2. The sludge pump for wastewater treatment as described in claim 1, characterized in that: The outer tube includes a rear tube fixedly connected to the inner tube and a front tube coaxially arranged with the rear tube. The annular space is formed between the rear tube and the inner tube. The mud inlet is provided on the side wall of the front tube. The large end of the conical rotating barrel is sealed and rotatably connected to the inner wall of the second end of the front tube. The first end of the rear tube is detachably connected to the second end of the front tube. The third drive motor is fixedly connected to the first end of the front tube.

3. The sludge pump for wastewater treatment as described in claim 2, characterized in that: The main crushing roller is coaxially fixedly connected to the drive shaft, and the auxiliary crushing roller is coaxially fixedly connected to the driven shaft. Both the drive shaft and the driven shaft horizontally pass through the rear tube and the square cavity. The second drive motor is fixedly connected to the outer wall of the rear tube. The drive shaft is fixedly connected to the output shaft of the second drive motor. A drive gear is fixedly connected to the drive shaft located outside the rear tube, and a driven gear meshing with the drive gear is fixedly connected to the driven shaft located outside the rear tube.
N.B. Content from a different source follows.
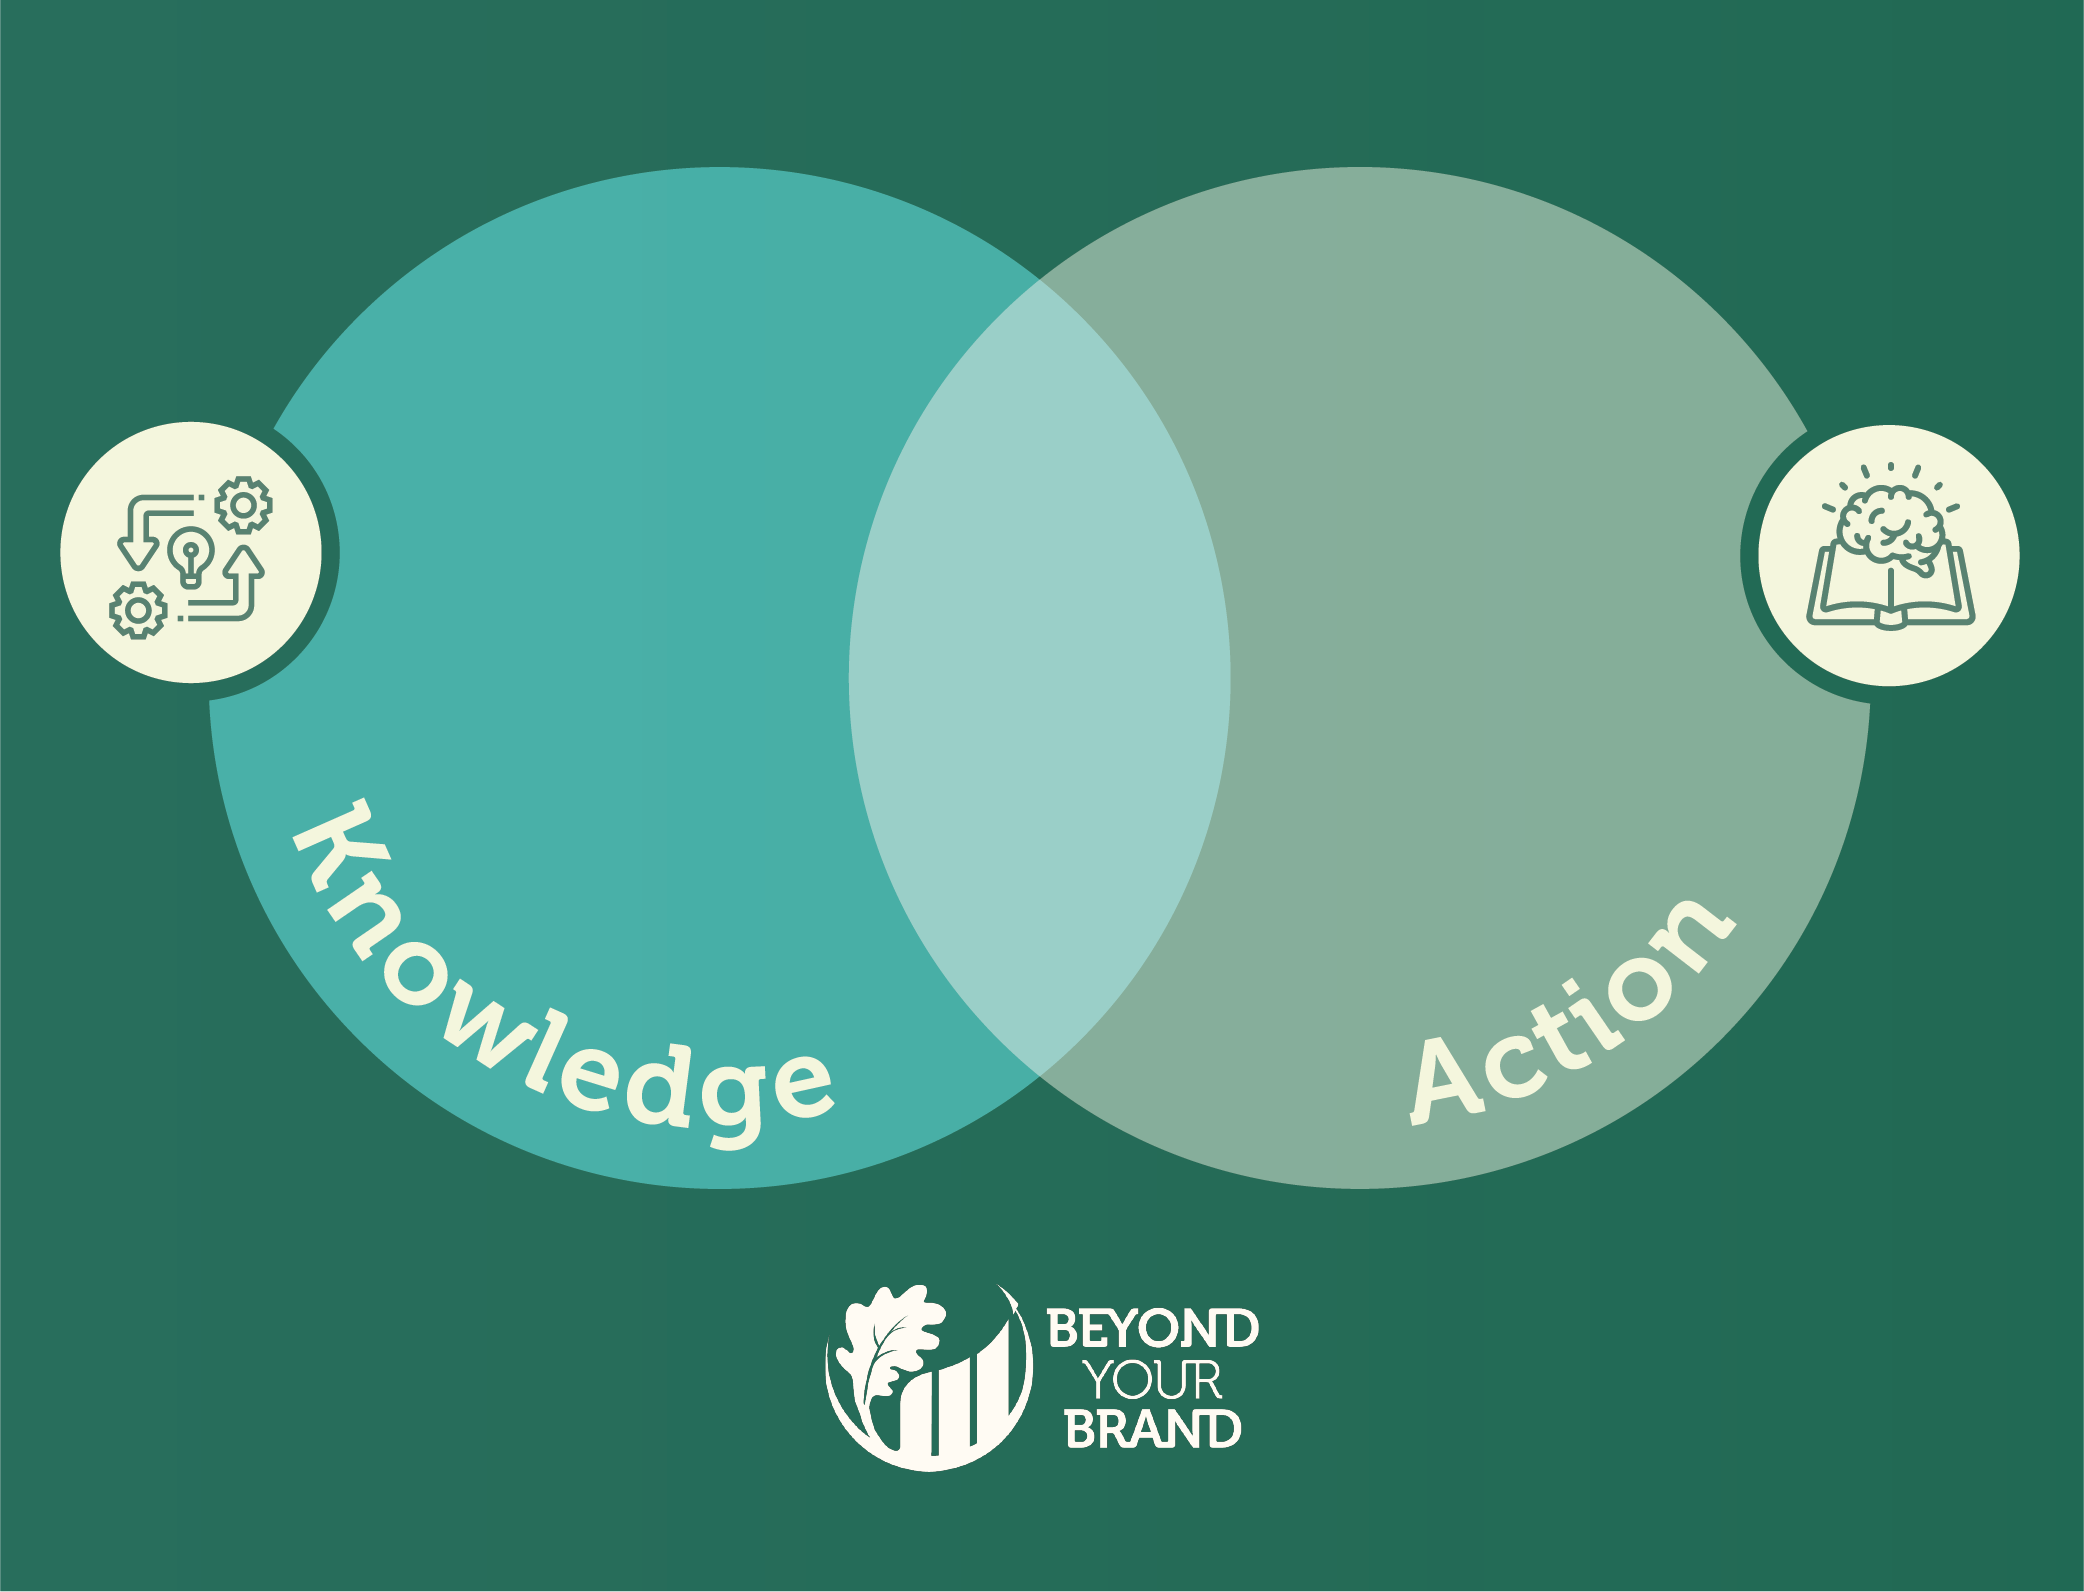 A venn diagram with 2 partially overlapping circles with "Knowledge" in the left circle and "Action" in the right circle

4. The sludge pump for wastewater treatment as described in claim 3, characterized in that: The first drive motor is disposed outside the closed end of the sewage pipe and is fixedly connected to the sewage pipe. The output shaft of the first drive motor extends into the sewage pipe and is coaxially arranged with the sewage pipe. The spiral impeller includes a drive shaft and spiral blades fixedly connected to the drive shaft. The drive shaft is coaxially fixedly connected to the output shaft of the first drive motor.